How much light does goeppertia beauty star need?
Goeppertia Beauty Star grows best in bright indirect light (just back from a sunny window). Prefers bright indirect light to keep the fine pink-and-silver pinstripes vivid. Direct sun fades and scorches the markings; too little light dulls them. A position near an east window or behind a sheer-filtered brighter window suits it best.
How often should I water goeppertia beauty star?
Water goeppertia beauty star when the top 2-3 cm of soil is dry, roughly every 5-7 days. Keep evenly moist, never waterlogged or fully dry. Highly sensitive to chlorine, fluoride, and salts that brown the slender leaf edges, so use distilled, filtered, or rainwater. Reduce frequency in winter and always empty the saucer after watering. The finger-test (or lifting the pot to feel its weight) beats a fixed weekly calendar because pot size, light, and season all change how fast the soil dries.
Is goeppertia beauty star toxic to cats and dogs?
Goeppertia Beauty Star is pet-safe. ASPCA-listed as non-toxic to cats and dogs. Goeppertia (formerly Calathea, including ornata types) and the prayer-plant group (Maranta, Ctenanthe, Stromanthe) are recognised non-toxic by the ASPCA, so 'Beauty Star' is safe around pets. As with any non-food plant, heavy nibbling may cause mild, short-lived stomach upset.
What USDA hardiness zone does goeppertia beauty star grow in?
Goeppertia Beauty Star is rated for USDA zone 10-12 (indoor in most US homes) and RHS hardiness H1b. Outside that range, grow it as a container plant that overwinters indoors before the first hard frost.

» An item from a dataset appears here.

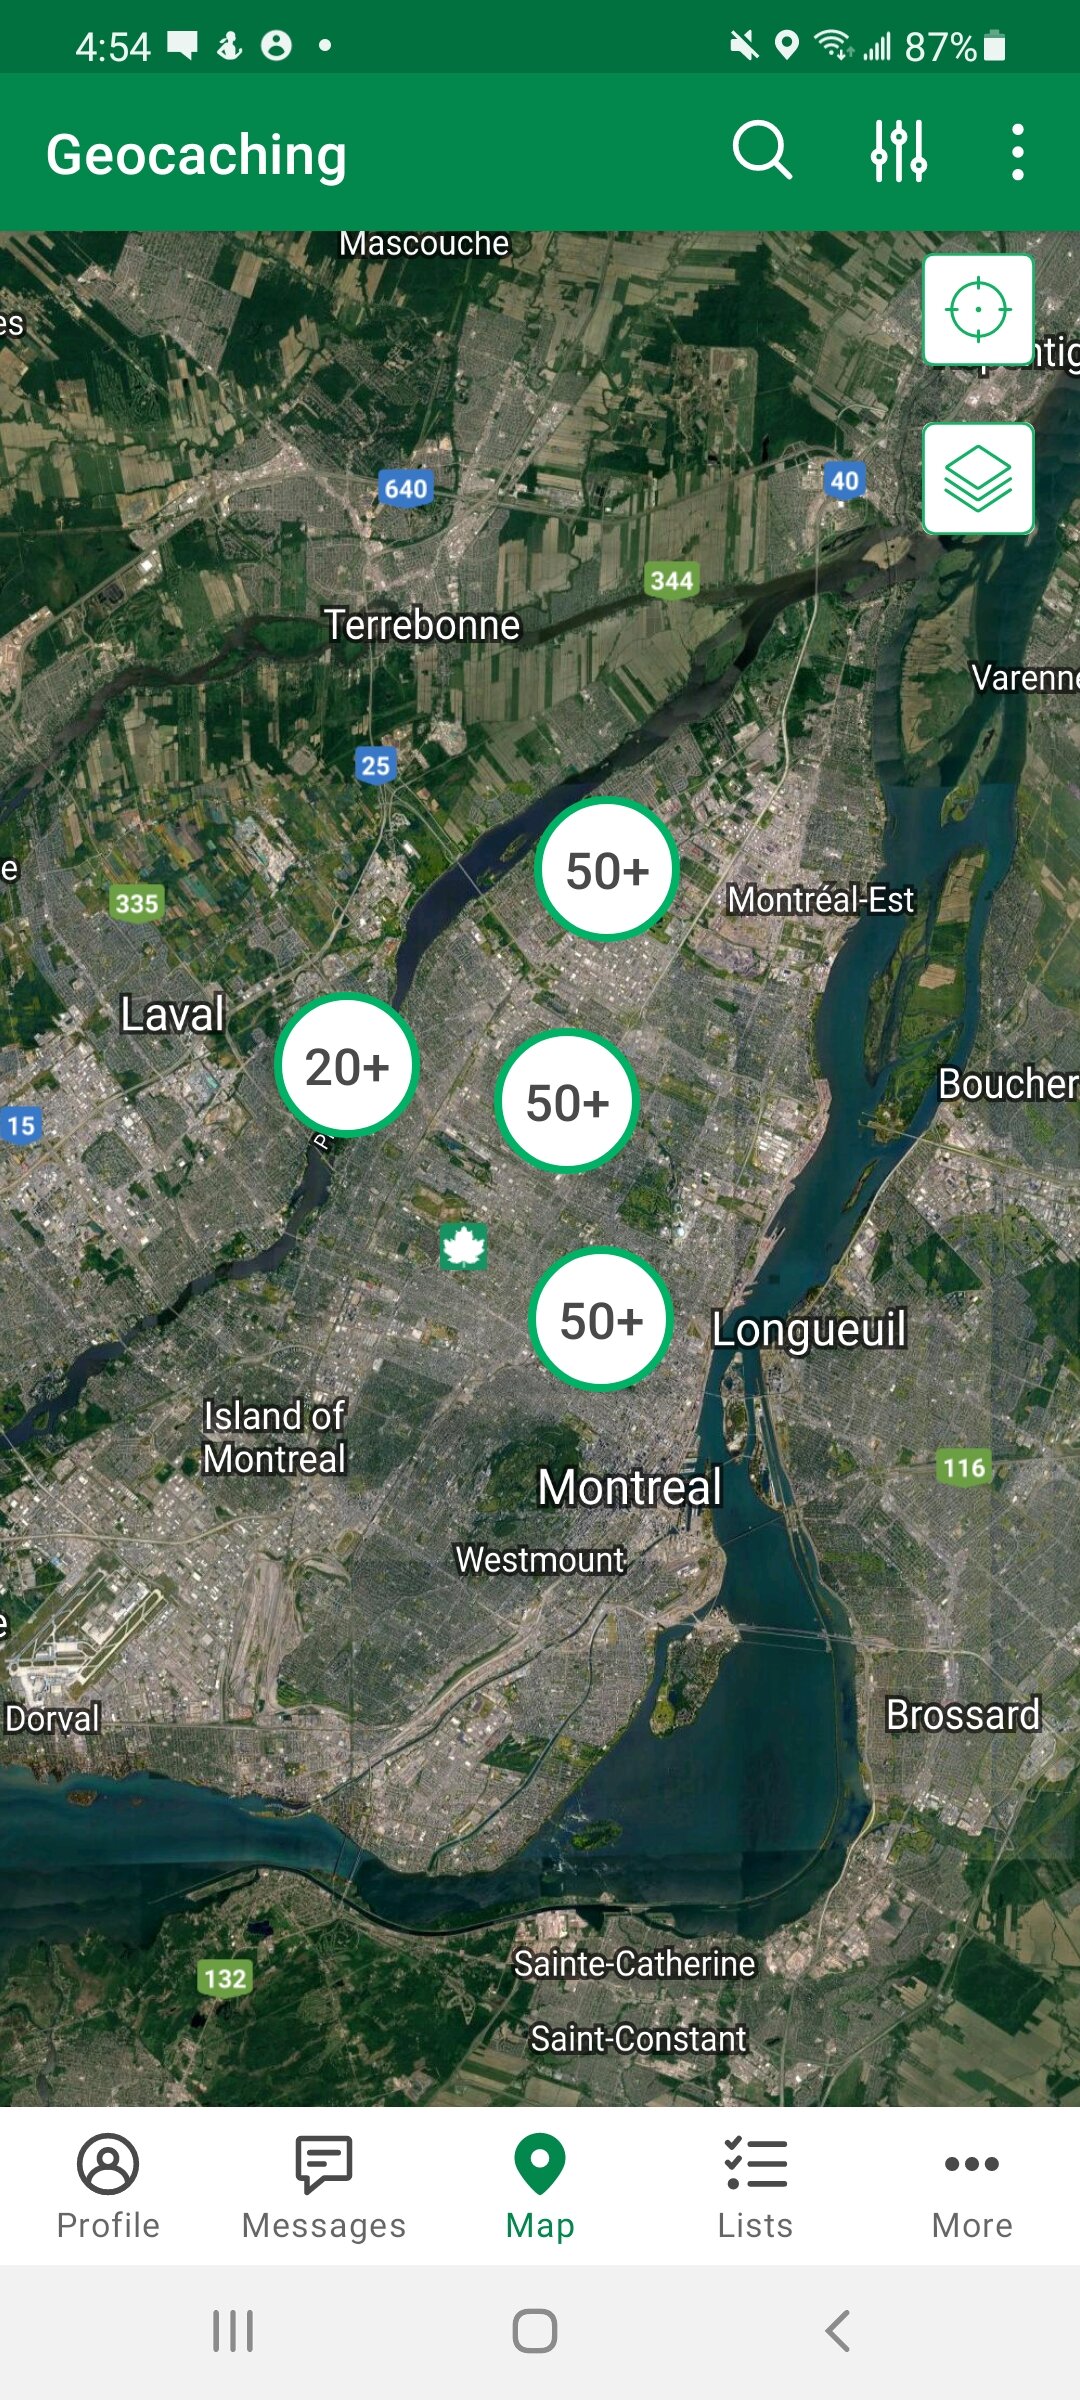 Alex-MJ-On-the-GO-Blogue_geocaching app_toutes-les-caches-montreal.jpg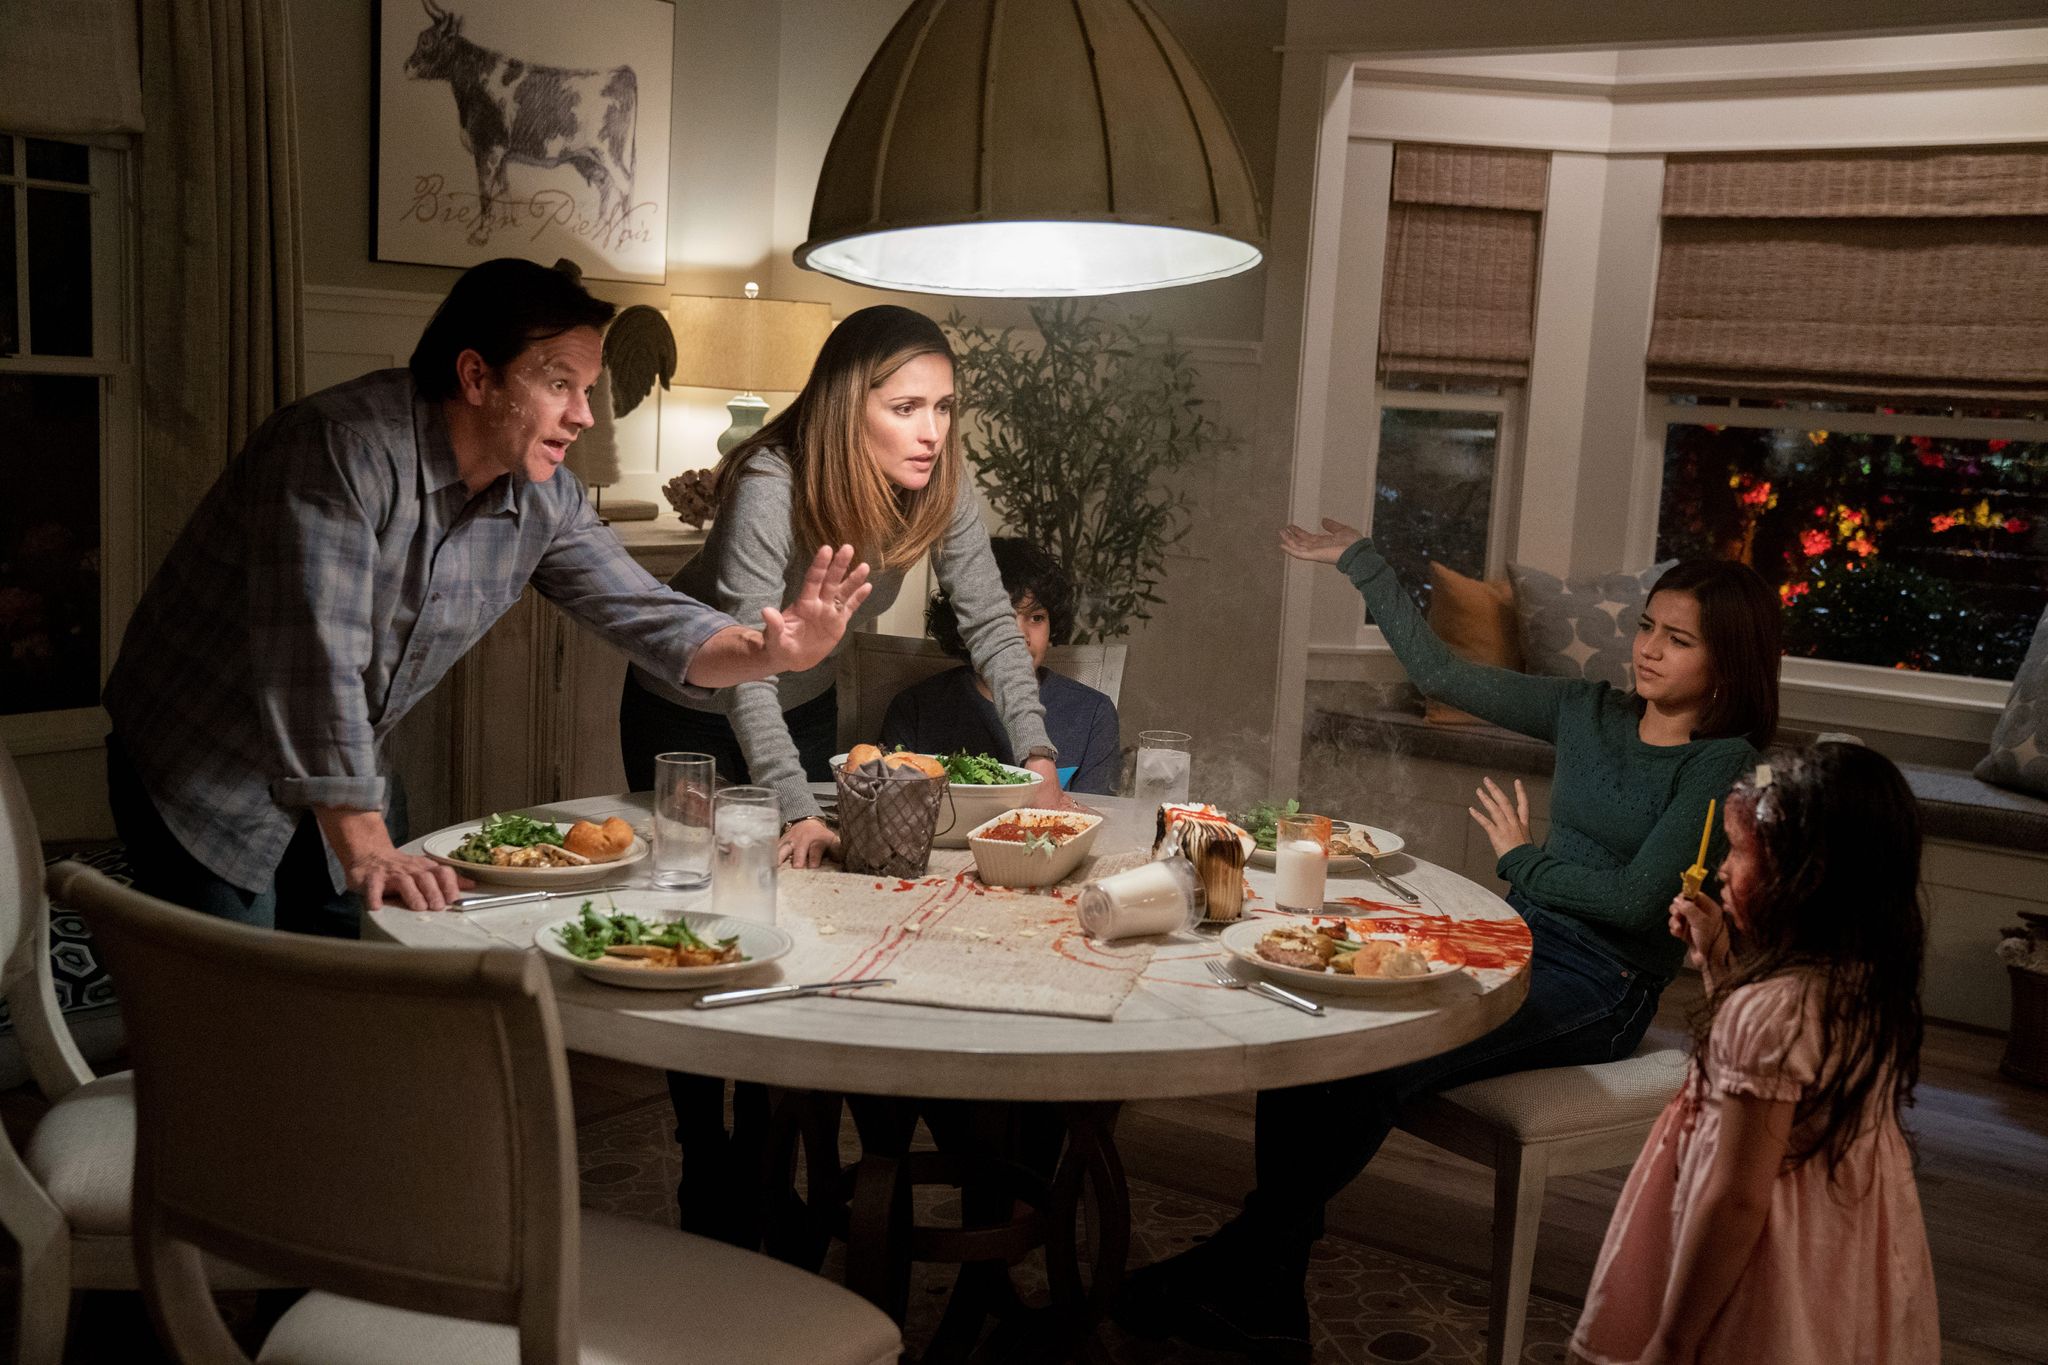 Film Review: Instant Family (USA, 2018) is an instant failure, despite

Goeppertia Beauty Star deep-dive guides
Every aspect of goeppertia beauty star care, each with its own calibrated guide:
- Goeppertia Beauty Star watering schedule
- Goeppertia Beauty Star light requirements
- Best soil mix for goeppertia beauty star
- Goeppertia Beauty Star fertilizing guide
- When to repot goeppertia beauty star
- How to propagate goeppertia beauty star
- Goeppertia Beauty Star growth rate & size
- Goeppertia Beauty Star cold hardiness
- Goeppertia Beauty Star temperature & humidity
- Is goeppertia beauty star toxic to cats & dogs?
- Is goeppertia beauty star toxic to cats?
- Is goeppertia beauty star toxic to dogs?
Featured in these plant shortlists
Goeppertia Beauty Star qualifies for 6 curated Growli shortlists — each one filtered objectively from our structured plant-care library, so the selection is consistent and checkable:
- Best pet-safe houseplants — Houseplants the ASPCA lists as non-toxic to cats and dogs — every one verified against the ASPCA toxic and non-toxic plant list.
- Best plants for a north-facing window — Houseplants for a north-facing window: bright, even, indirect light and no scorching direct sun. Each pick verified against its documented light needs.
- Best humidity-loving houseplants — Houseplants that thrive in a bathroom, kitchen, or by a humidifier — selected by documented humidity preference.
- Best pet-safe plants for bright light — Non-toxic to cats and dogs and happy in a bright, sunny spot — safe plants for your best-lit windowsill.
- Best cat-safe plants — Houseplants the ASPCA lists as non-toxic to cats (and dogs) — safe greenery for a home with a curious cat.
- Best dog-safe plants — Houseplants the ASPCA lists as non-toxic to dogs (and cats) — safe greenery for a home with a curious dog.
- Browse all 29 plant shortlists — pet-safe, low-light, drought-tolerant and more
Related guides
Goeppertia Beauty Star is also commonly called Beauty Star calathea or Beauty Star prayer plant.